*Assignment*
The required output holds only the lines from the one containing "Henry D. Rotman" through the end of the material below, copied exactly, please, with no pictures.
======== Dataset excerpt ========
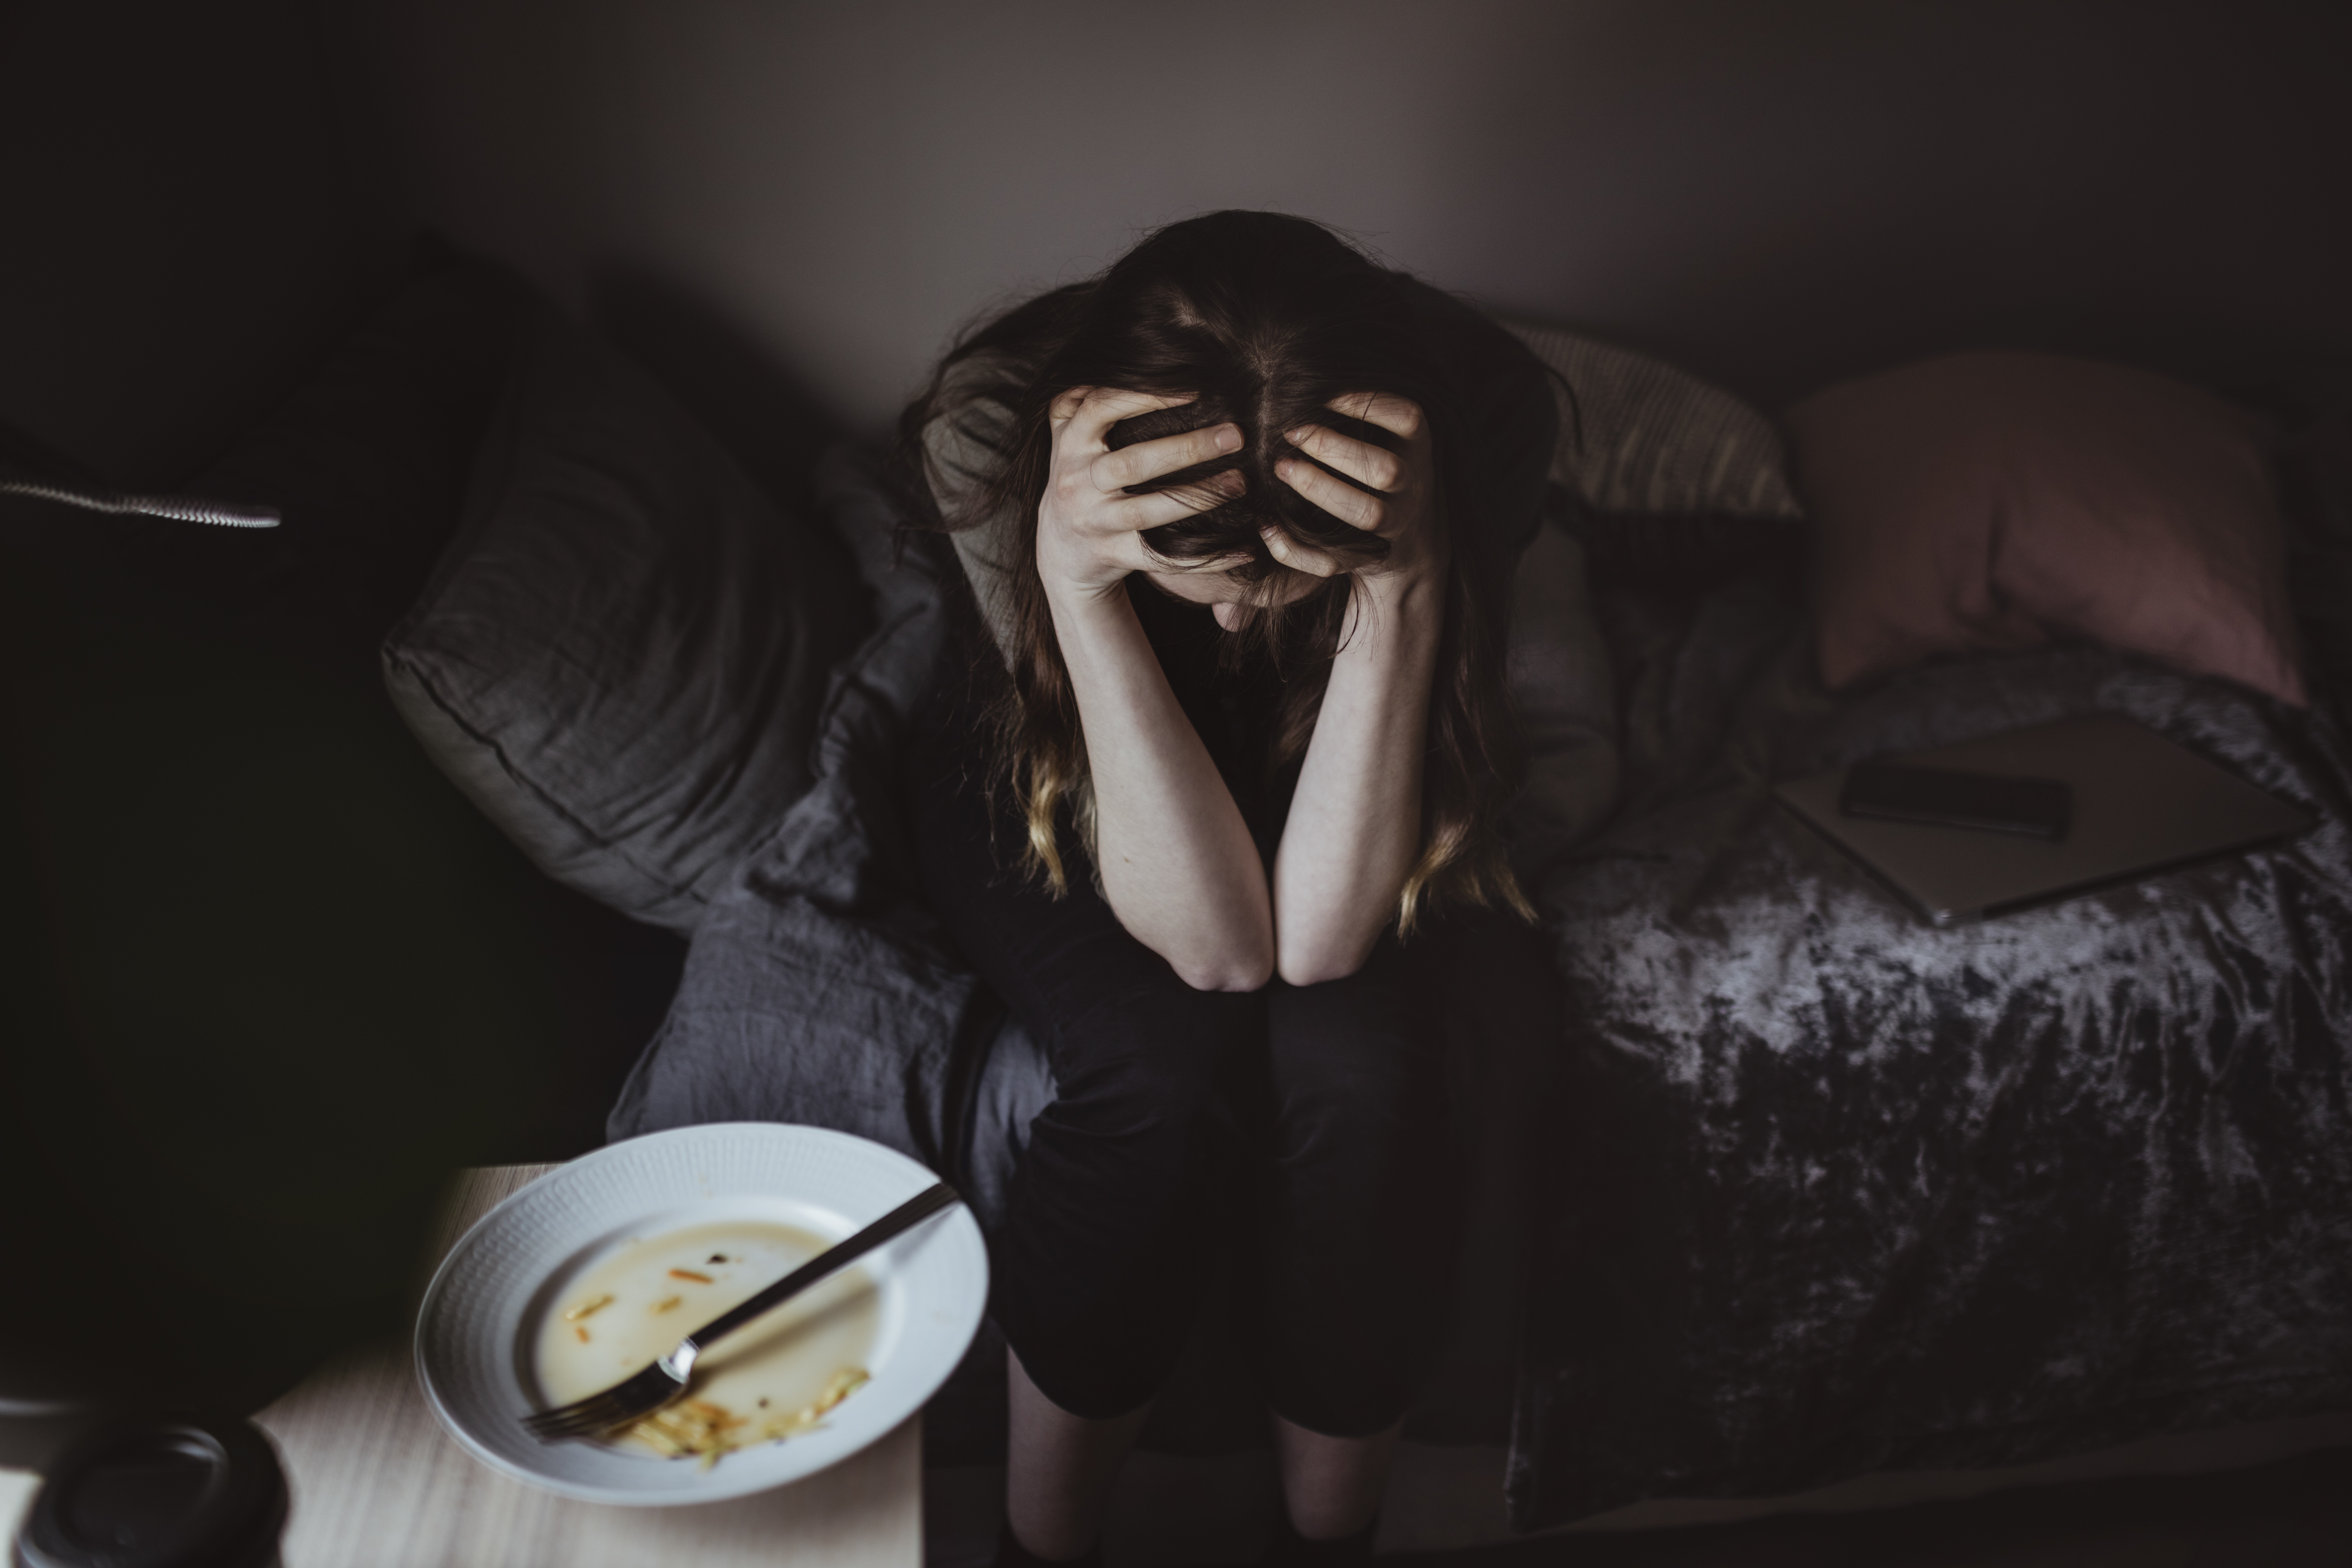 Eating disorder rates jumped ‘significantly’ among adolescents amid COVID: study
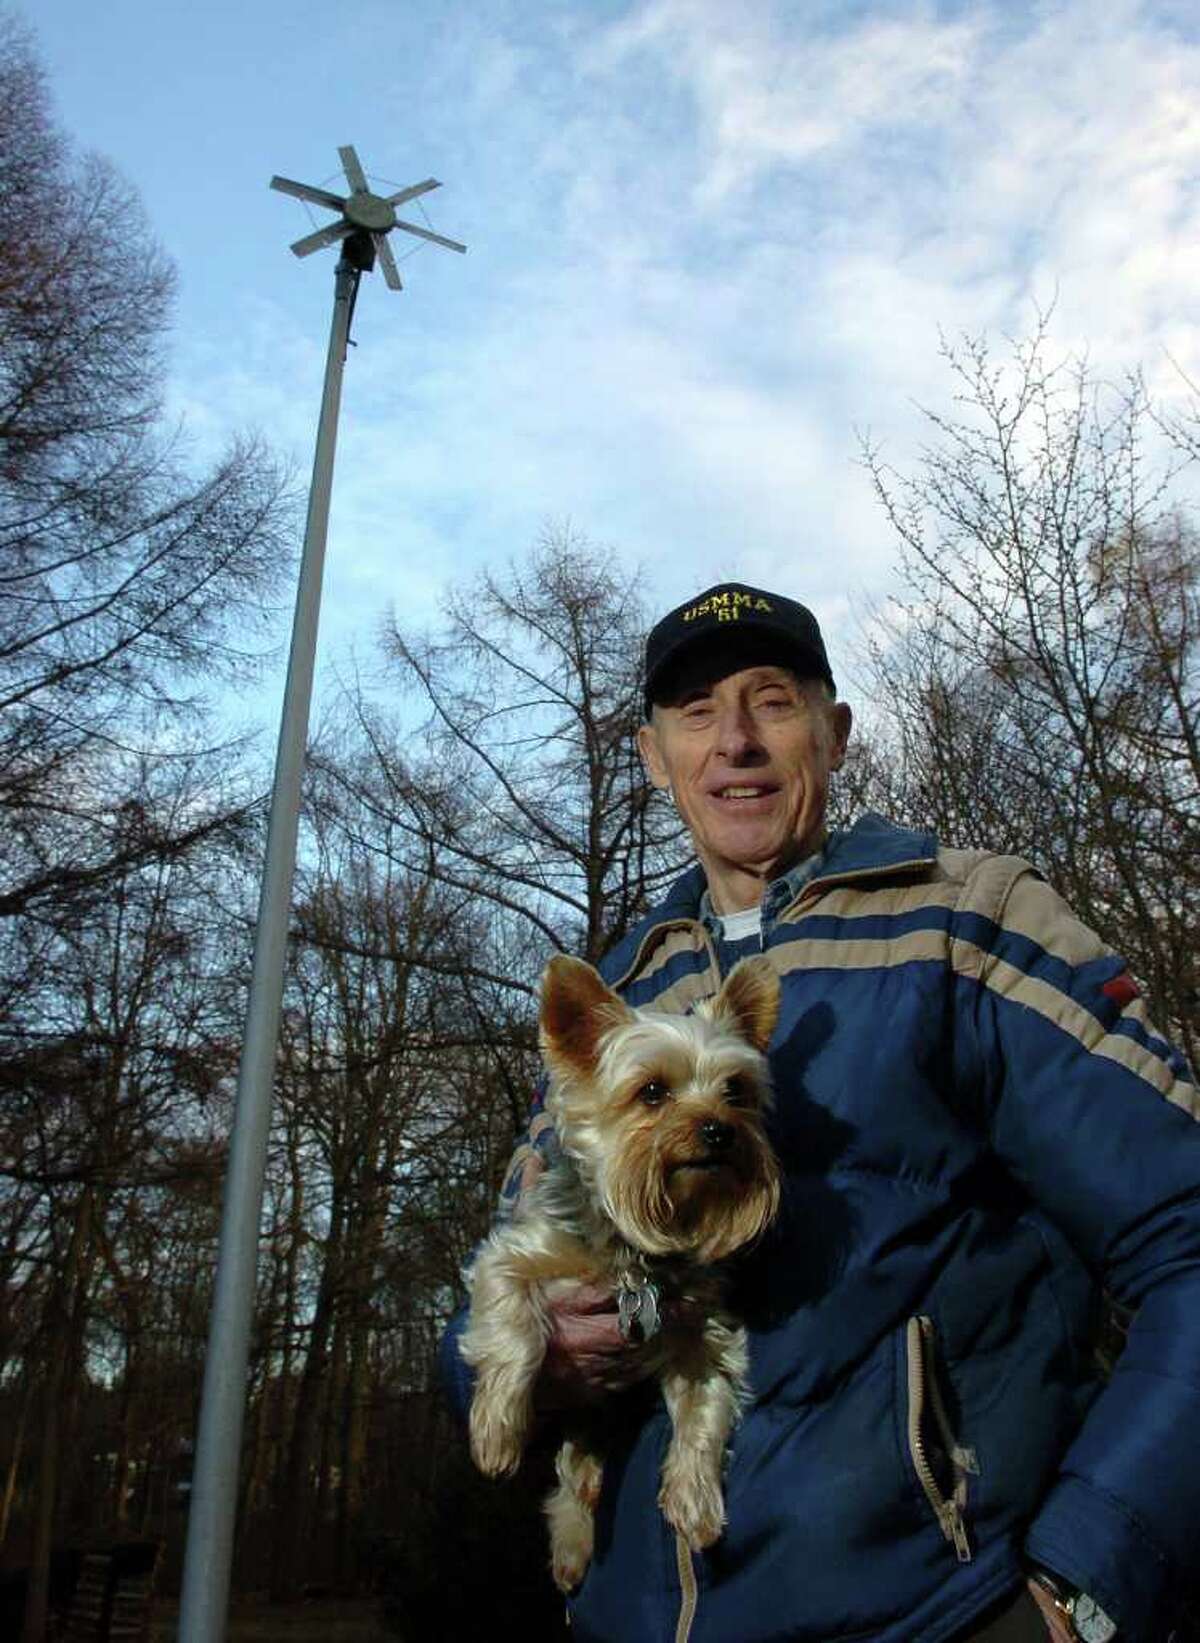 Henry D. Rotman poses with his dog Harley Davidson, behind his house in Milford, Conn. on Tuesday December 7, 2010, in front of the small wind turbine he constructed to generate electric power in 1985. Rotman sucessfully used the power to charge a series of gel batteries used for a diving project. As a former UI engineer, he doubts wind power will work well in Connecticut, due to the unpredictability of the wind here and its lack of sustained strength.
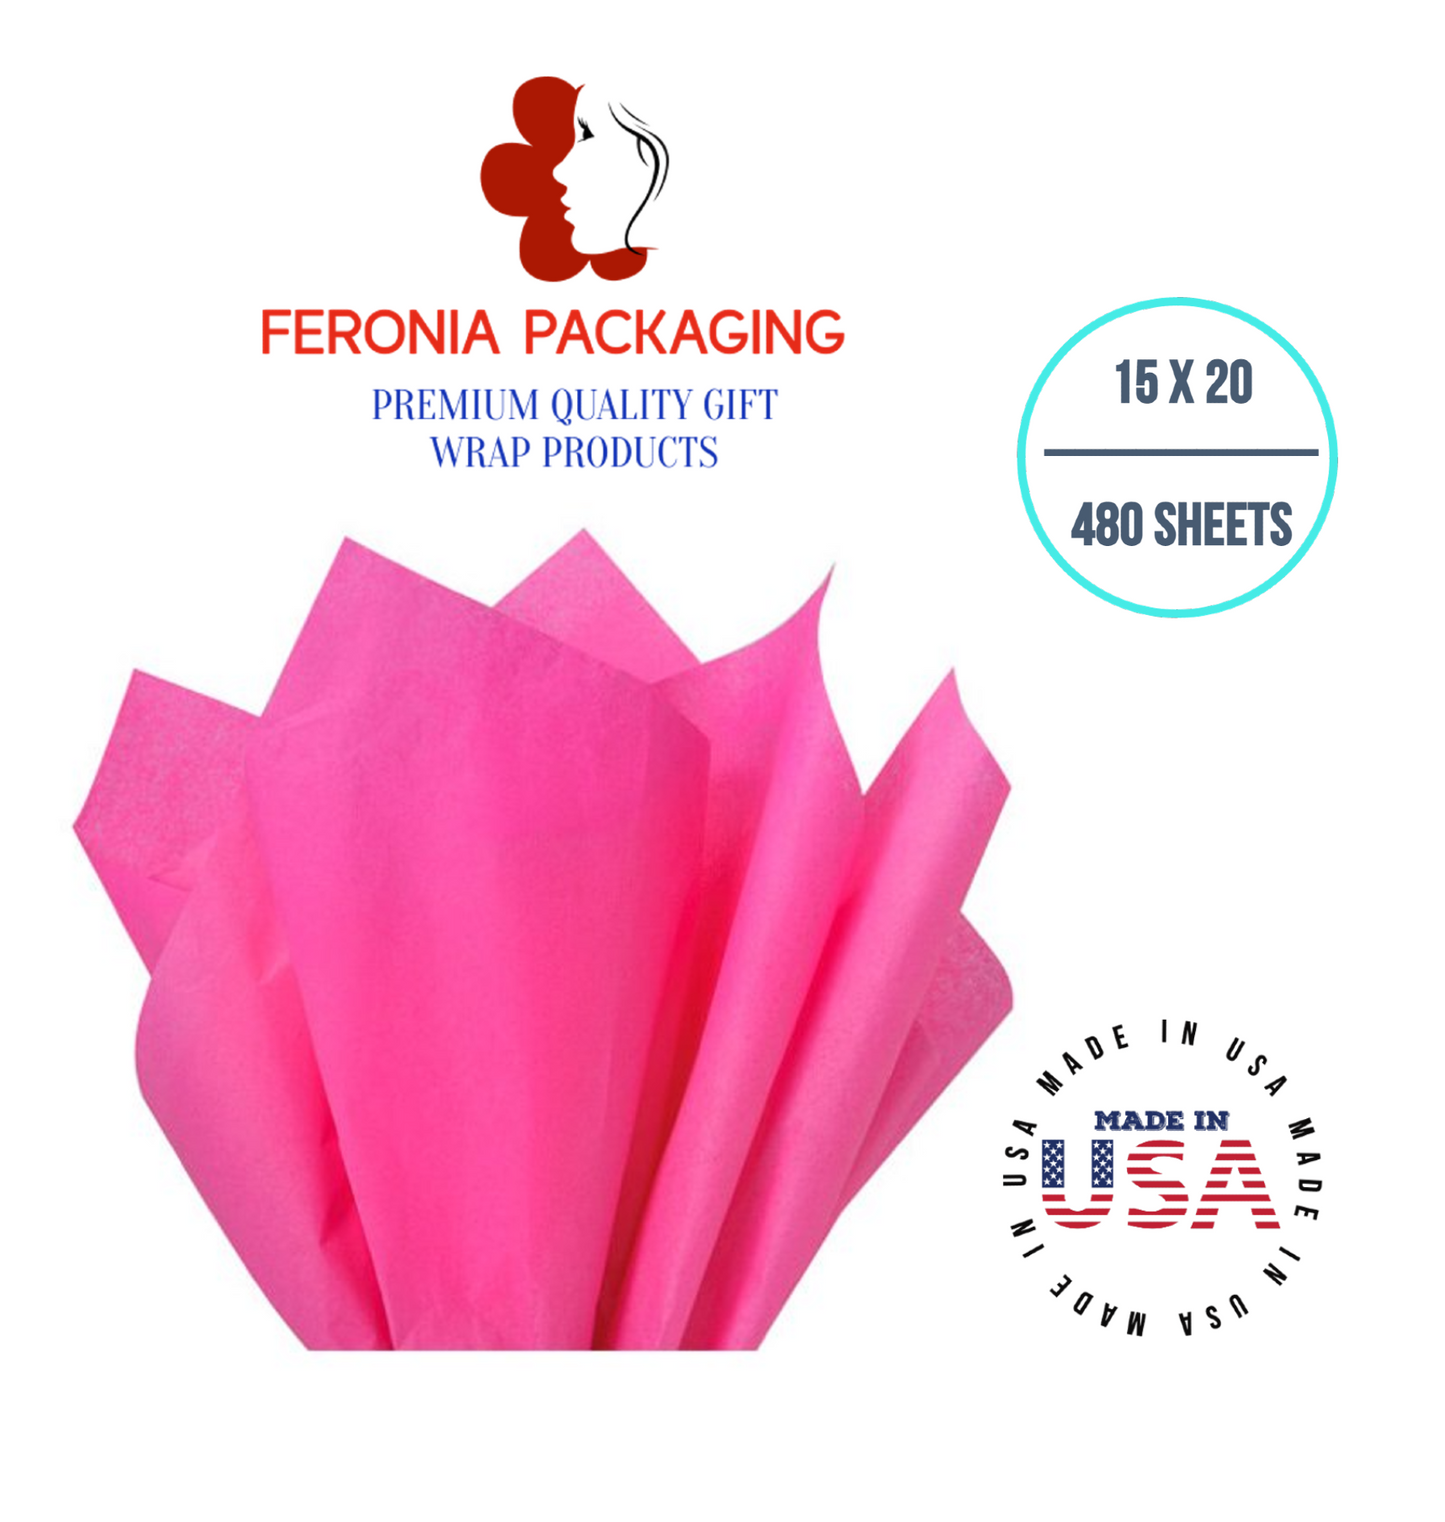 HotPink Tissue Paper Squares, Bulk 480 Sheets, Premium Gift Wrap and Art Supplies for Birthdays, Holidays, or Presents by Feronia packaging, Large 15 Inch x 20 Inch
========
*Result*
 Henry D. Rotman poses with his dog Harley Davidson, behind his house in Milford, Conn. on Tuesday December 7, 2010, in front of the small wind turbine he constructed to generate electric power in 1985. Rotman sucessfully used the power to charge a series of gel batteries used for a diving project. As a former UI engineer, he doubts wind power will work well in Connecticut, due to the unpredictability of the wind here and its lack of sustained strength.
 HotPink Tissue Paper Squares, Bulk 480 Sheets, Premium Gift Wrap and Art Supplies for Birthdays, Holidays, or Presents by Feronia packaging, Large 15 Inch x 20 Inch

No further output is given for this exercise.